3.2. Characteristic distribution of amplification curves

The distribution of the amplification plots from all isolates revealed that classification of isolates as RIF-susceptible or –resistant required careful observation. First, despite placing “103M. tuberculosis genomes per qPCR well, there were variations in the amplification signal efficiency between isolates that could lead to difficulties in comparing the amplification curves of each isolate with the reference strain. Second, the signal efficiency was slightly variable between the five beacons for the reference strain CDC1551: consistently stronger for beacon A, and weaker for B and E (Fig 1A and S2). Third, the amplification curves from the experimental isolates behaved in one of three ways when compared to CDC1551 (Fig. 1A): i) Ct similar to the reference strain (wild-type; Fig. 1B), ii) no Ct value for at least one beacon when the curve did not reach the threshold value (Fig. 1C), indicating a mutation in the sequence covered by that beacon in nearly 100% of the M. tuberculosis cells, or iii) at least one beacon with detectable but “clearly higher” Ct than that for CDC1551 (Fig. 1D), suggesting a possible mixture of wild type (mixed RIF-susceptible) and mutant (RIF-resistant) bacteria for the sequence covered by that molecular beacon. Twenty eight of the 51 mutant isolates fell into this category (data not shown). This was particularly common for beacon E, where 15/16 isolates with mutations in this region had a detectable Ct.

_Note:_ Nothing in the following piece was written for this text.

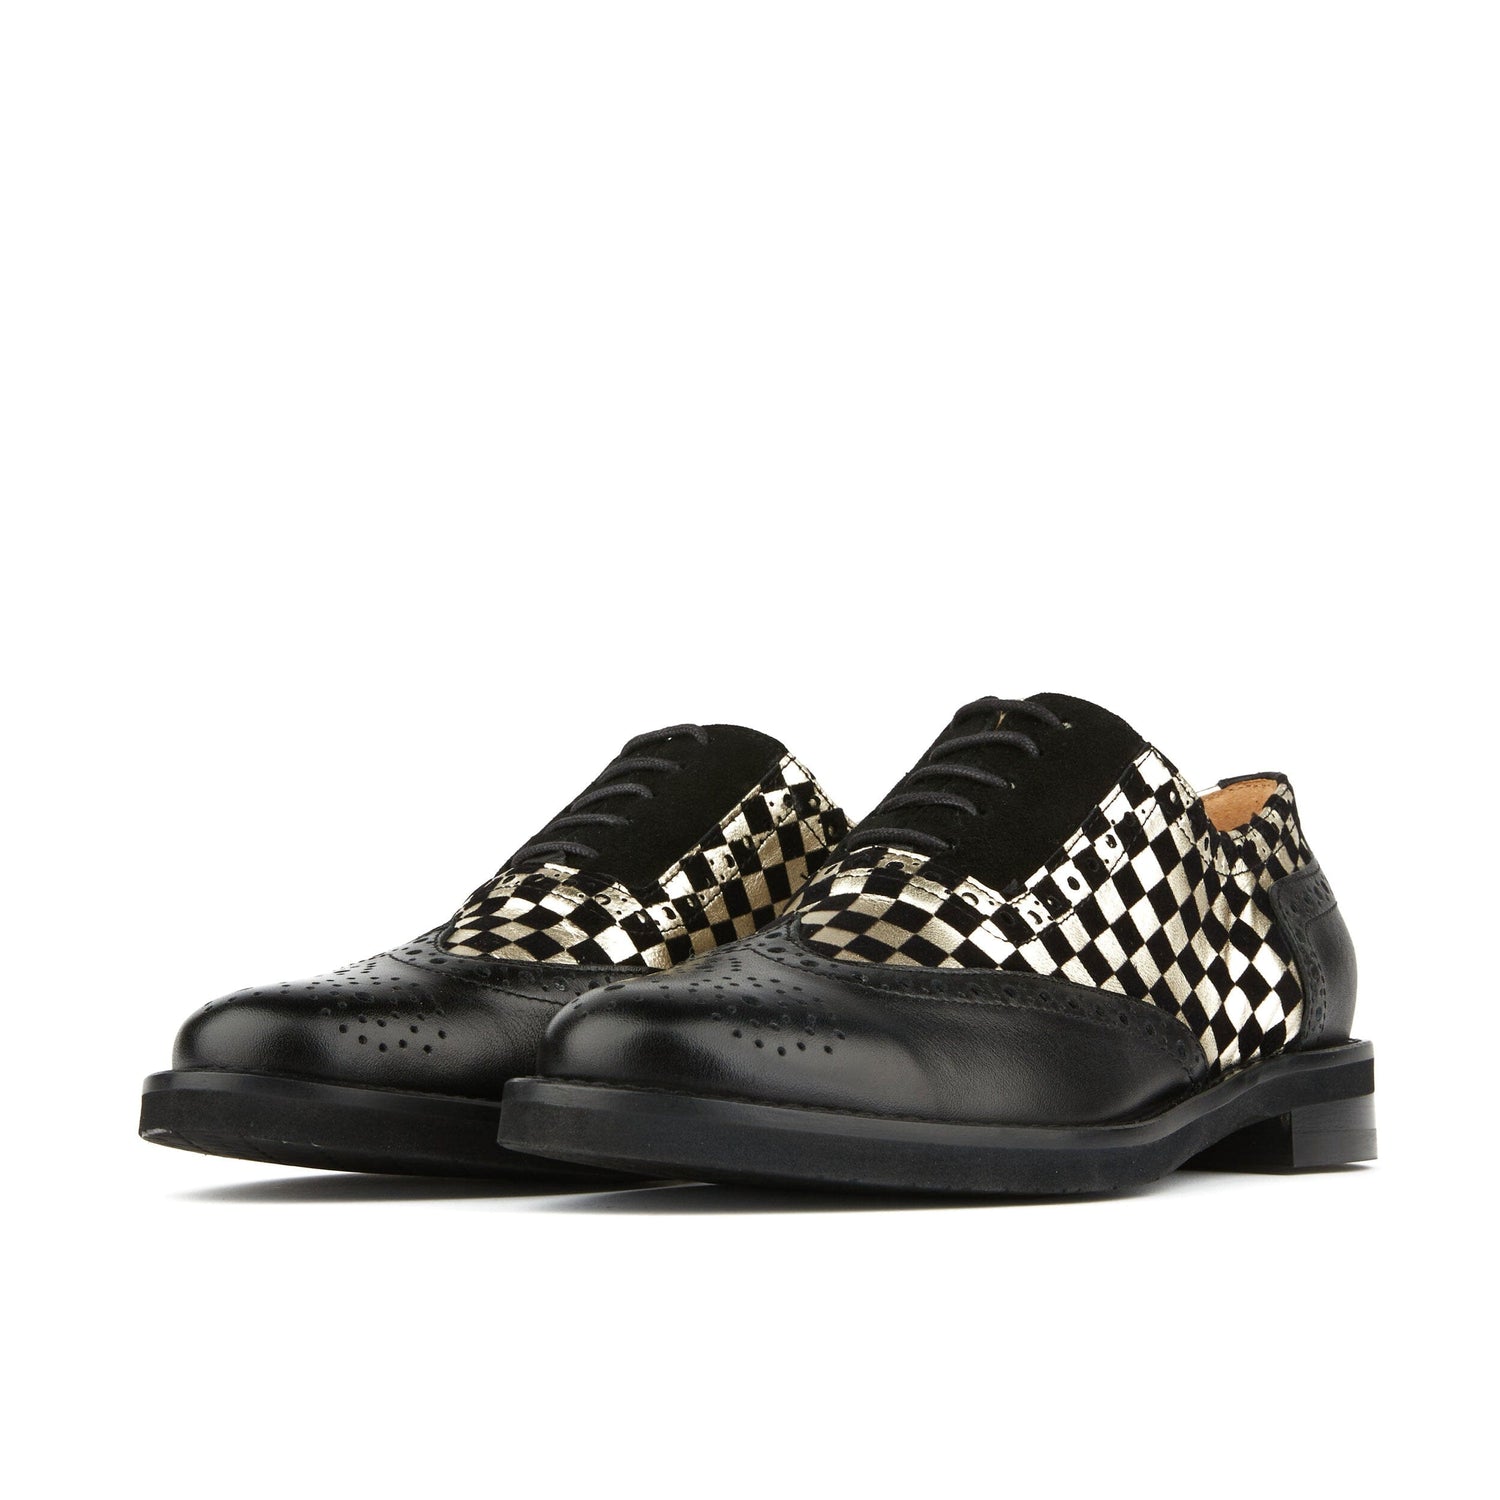 Vivienne - Black & White Check Womens Shoes Embassy London 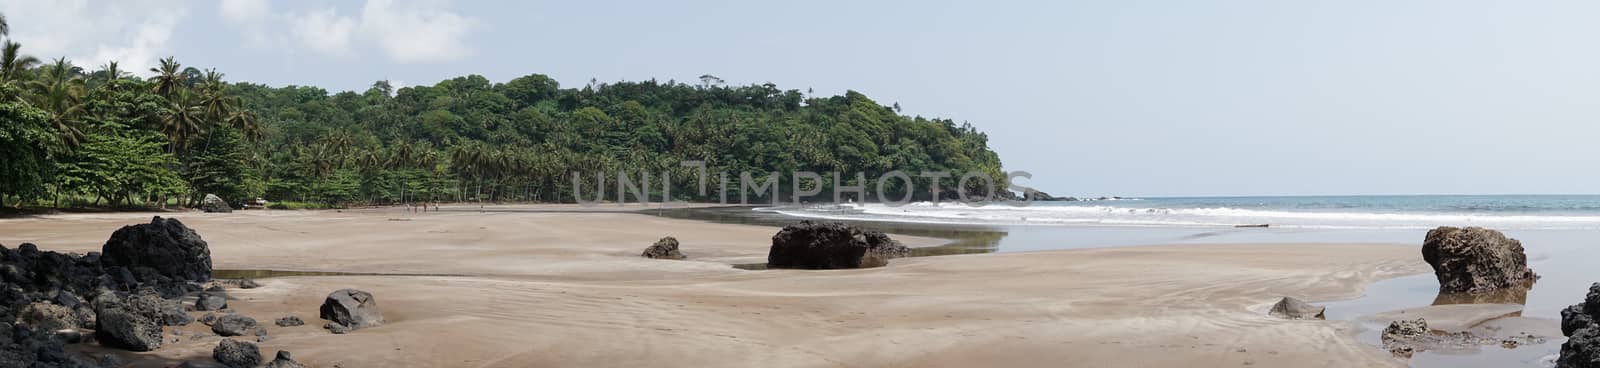 Seven Wave Beach, Sao Tome and Principe, Africa

These observations led us to the realization that beacon interpretation by visual inspection could be compromised by inherent bias of the reader, particularly for isolates with higher but detectable Ct compared to the wild-type. This was supported after four volunteers (two with qPCR experience and two without) were given a guide to detect mutations using molecular beacon qPCR, and asked to record their interpretation of the amplification plots from all the isolates evaluated in this study (Table S1). All their misclassifications were for isolates that had at least one beacon with detectable Ct. The most frequent discordance between readers was for beacon E.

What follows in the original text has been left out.